Are we exhibiting a“bargain-basement” attitude to the conversations about Race, and Racial Disparities, when speaking with our families.

Ever had the feeling “they” were talking about you before you arrived, there are warning signs that give you that, “flag raised feel”. You know, you “just” walked into the house, get together, dinner party, and/or reunion or celebration for Xmas, Thanks Who is that guy again who discovered us who were already there …, and someone announces you have arrived. You drop your coat, sweater, jean jacket in the designated place and you may apologize for getting there late or so. “You were at this gathering, meeting, and or place where you and your friends, co-conspirators, allies, were organizing the next Race and Racism talk, training, conversation, and or protest”. Then, right there, in between the Hola Nena, how are you smile on cousins Betsie’s face you spot it, a smirk, or a slight eyebrow lift, and depending on how long you have been pedaling “Bargain Basement” Anti-Racist / Anti-Oppression attitude (to be explained in a bit, just keep reading) to your fam, co-workers, old but not so woke friends, aunt Carmen shouts out, Okay okay we are here for a good time okay… and you climb into your “these people” head trip and strap on your “I will just have to school them” bla bla bla bla, holster, cause you are ready to go for it in the name of the cause, the movement, the righteous thing.

Now, the truth is tia Carmen has been in New Jork ( not a misspelling a phonetic one) for 63 years she arrived in her teens and has been working ever since to help “su gente” in the island on the block, in college, and in jail for always, BTW, those people are your family too, she raised her three kids always worked Tio Herman has always been there too and he takes a back seat to her (their agreement and it works and don’t even think about messing with that man, cause, more on this at another time), took your Mama and Daddy in when they got to the States and celebrated your birth by wet-nursing you when your Mama was unable to, so she is like your other Mother and you are about to school her on what??? Girrrrrlllllll, Ay Dios Mio…

Sound familiar, in any way?
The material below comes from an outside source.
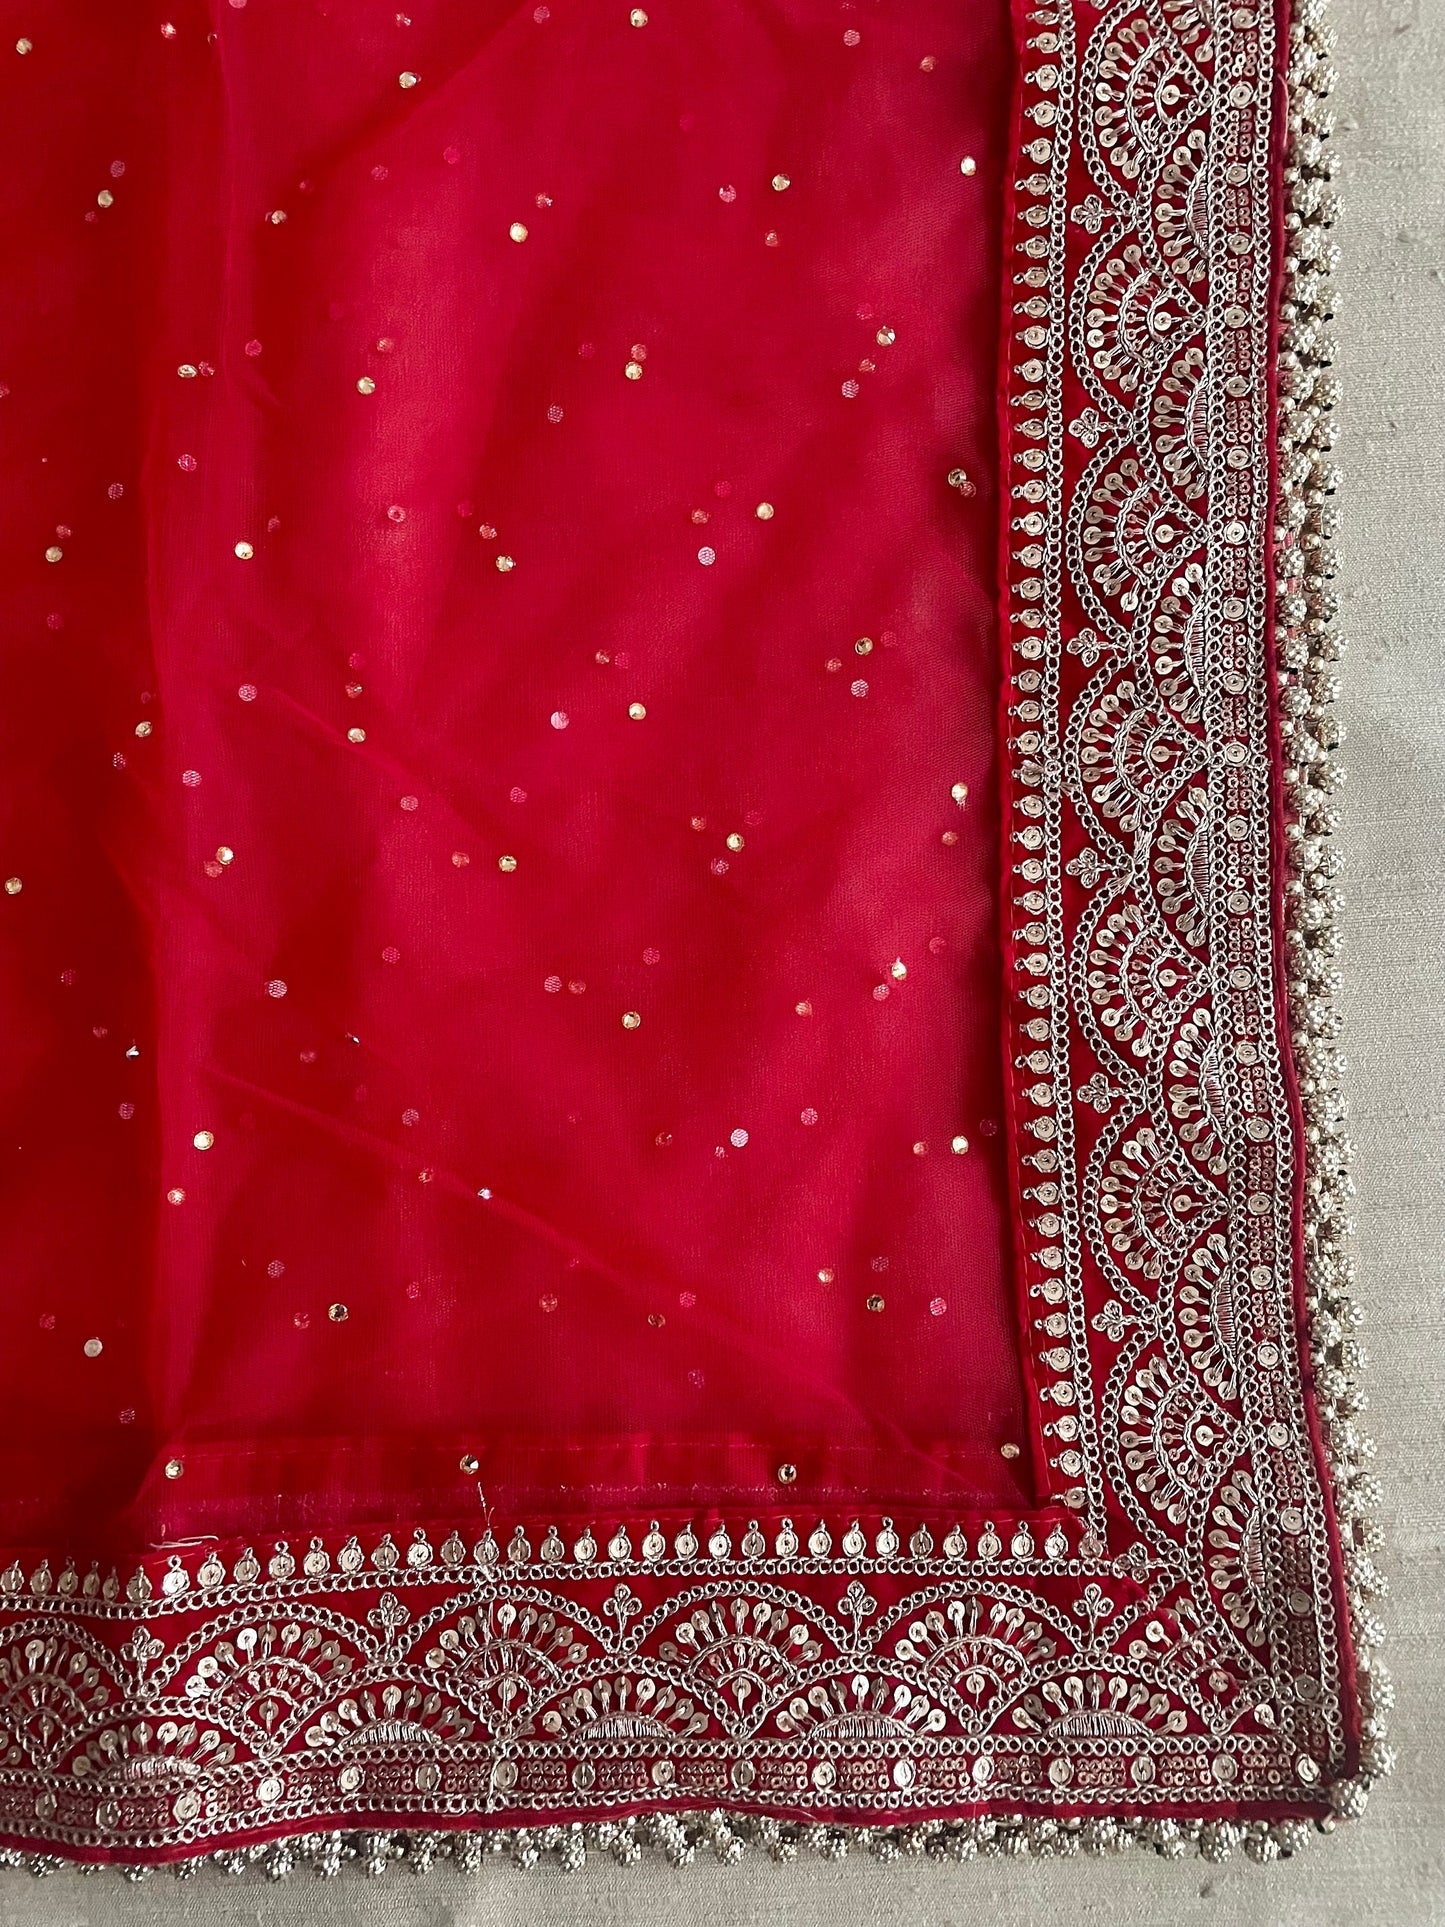 Red Dupatta for Karvachauth Dressing Bridal Net Double Second Duppatta for Wedding Outfit Lehenga Chunni Ceremony Sagan Scarf Nikaah

I know, I have been there and my peoples were all deep into political discourse, Papa a Machetero, Mammie could run a fortune 500 the way she managed that household and us seven kids, mi gente were Sabios, in ways that only became clearer to me way after they had transitioned, Ibaey to all of them!

There are so many different ways to start up this conversation, I am going to make my point and then move to support it. Mira don’t laugh I was trained in the Gringo (White) school, Anywho, Let us start with the fact that any conversation we have about Race and Racism will be froth with messiness, period. As People of Color, Black. Indigenous, Asian, or Latinx, living, breathing (or not, some of us are panting) trying to make it, and trying to move the bar for better, we shoulder some big and visionary ideals for our peoples, our families, and our own futures. Our intentions are solid, determined, and committed. Yet, we are getting side-eyed by our own peoples. For Why, as my Dad would say and follow up with, wellllllll Let me telling you (with a j sounding y) one question?!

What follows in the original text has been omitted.